WORK TO COMPLETE
Print the lines in the listing below starting at the line with "IIIT-Hyderabad launches AI programme" and ending at the line with "Successful password change screenshot", both included. Reproduce them exactly and omit every picture.

EXTRACTED RECORDS
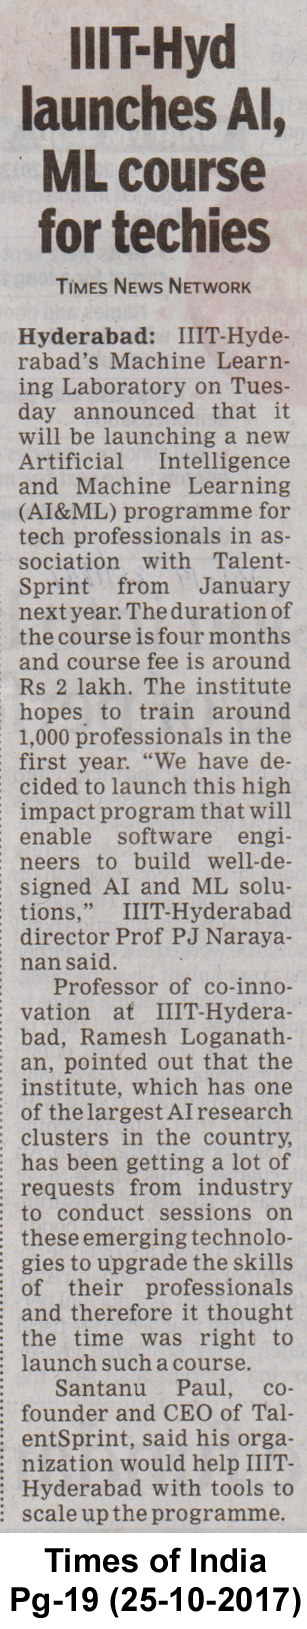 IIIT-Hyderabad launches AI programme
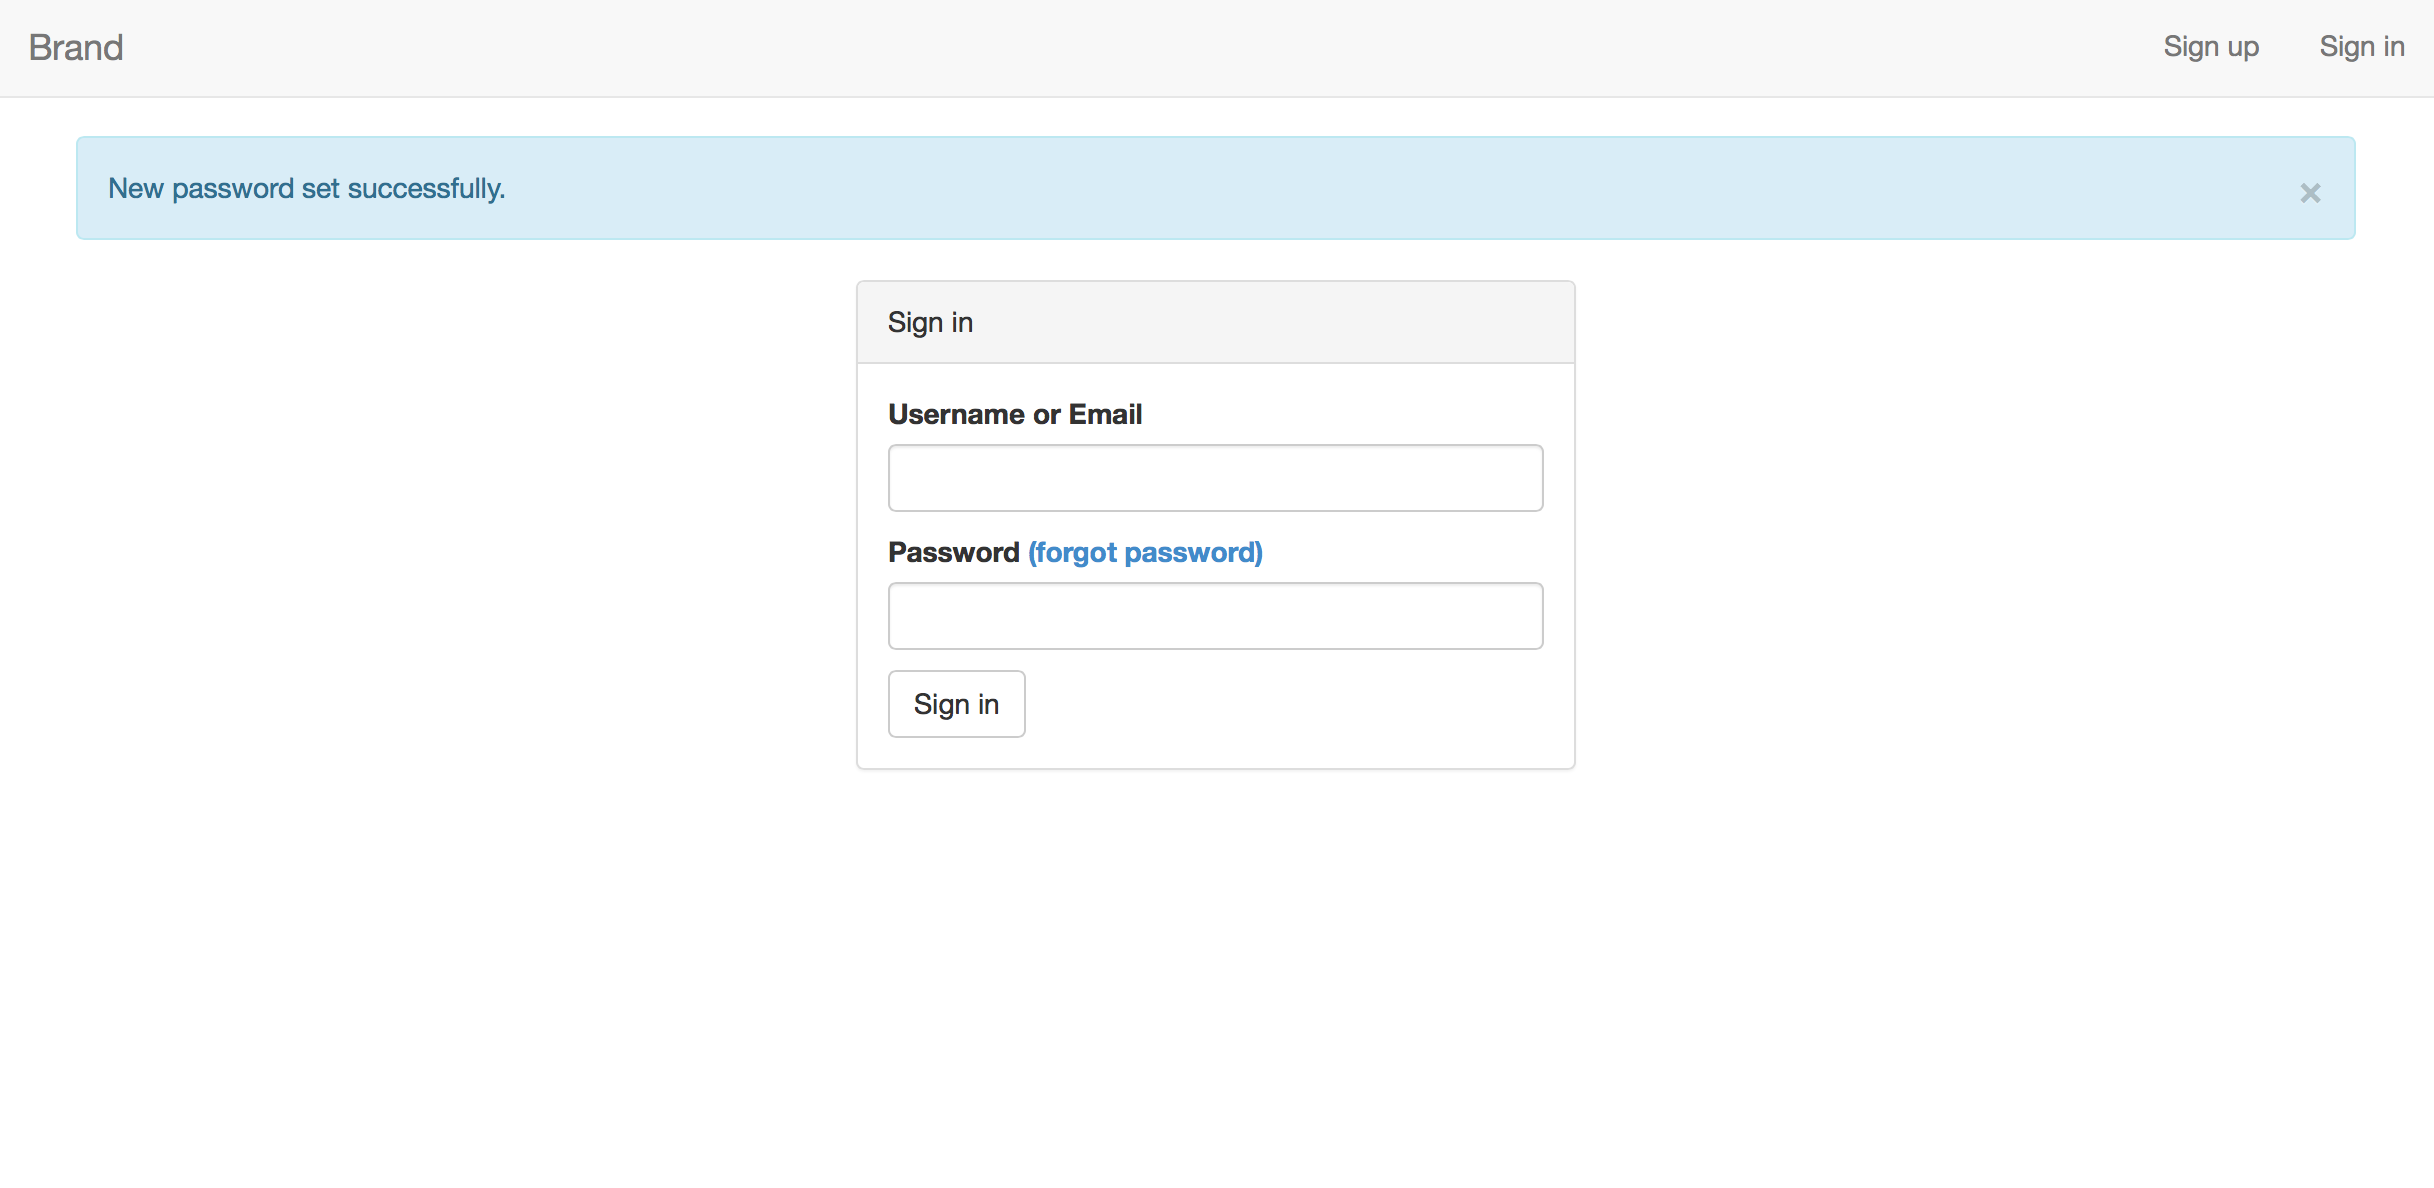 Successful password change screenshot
---
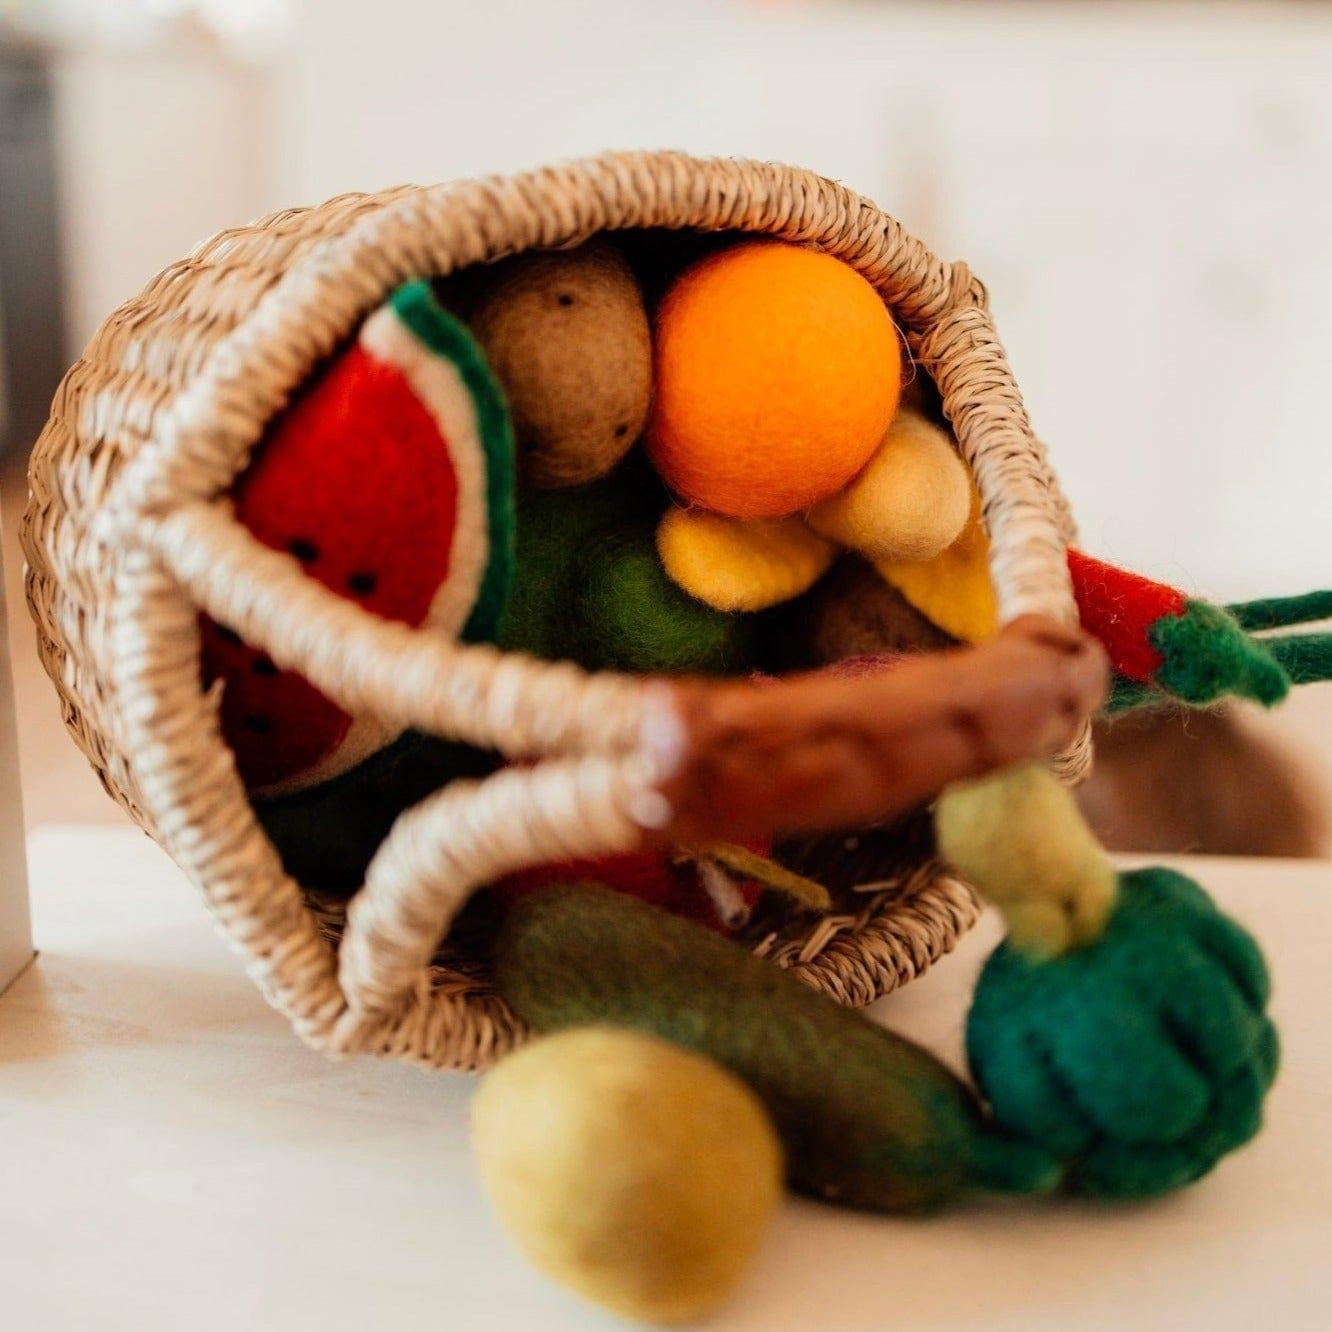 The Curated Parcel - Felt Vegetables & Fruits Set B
==
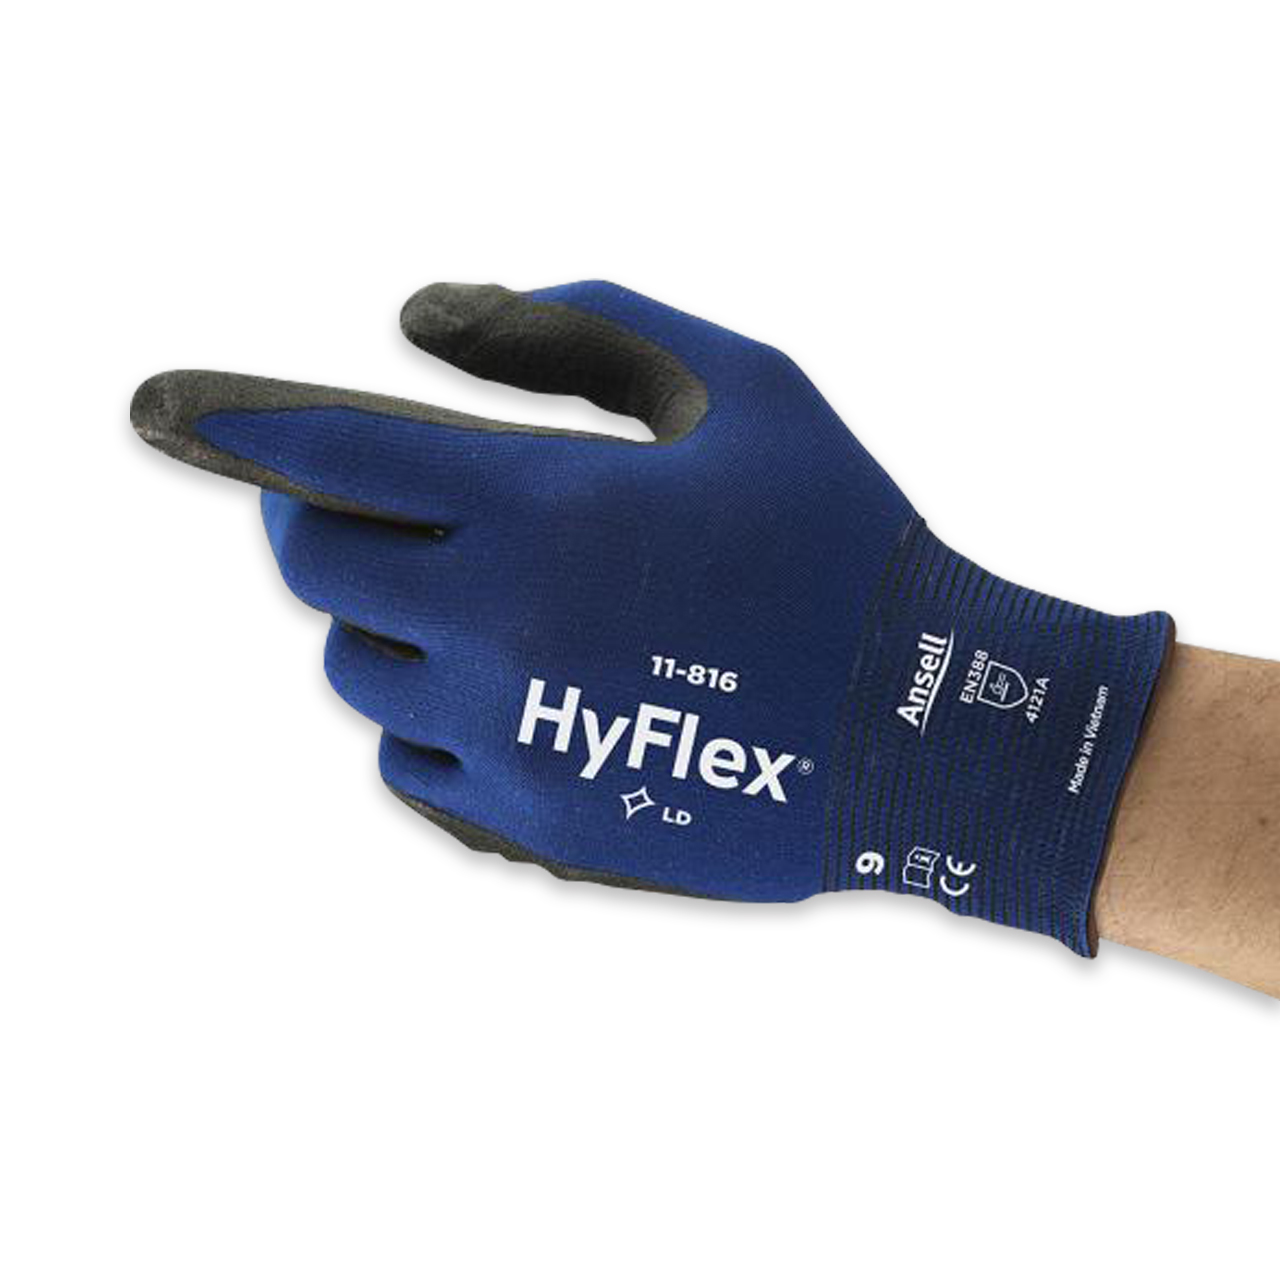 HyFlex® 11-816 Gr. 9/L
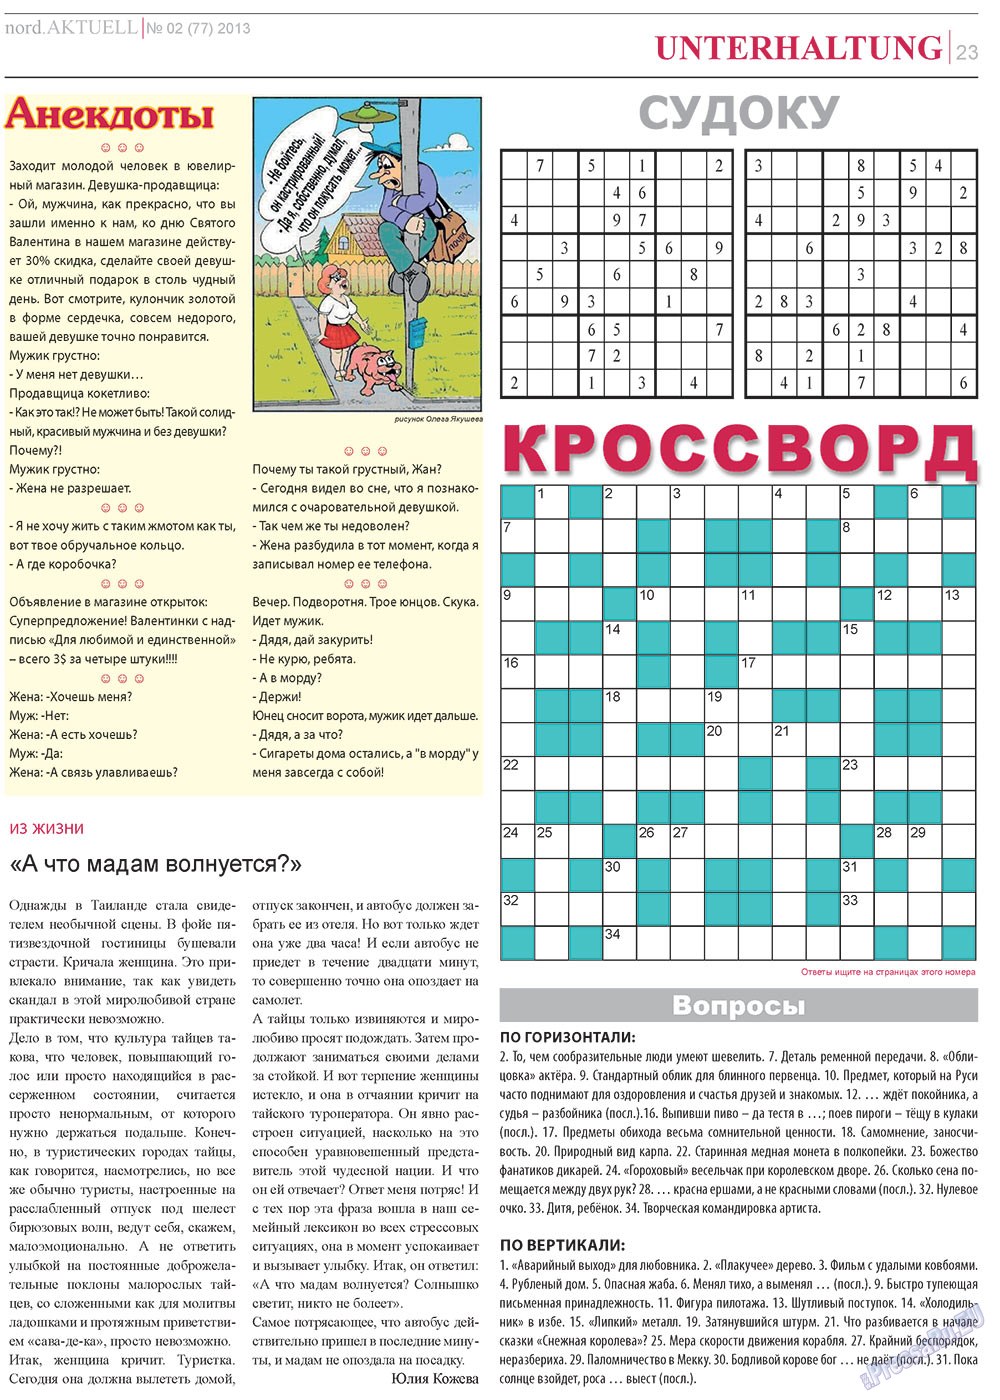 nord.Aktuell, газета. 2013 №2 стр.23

REPLY TO THE EXERCISE
 IIIT-Hyderabad launches AI programme
 Successful password change screenshot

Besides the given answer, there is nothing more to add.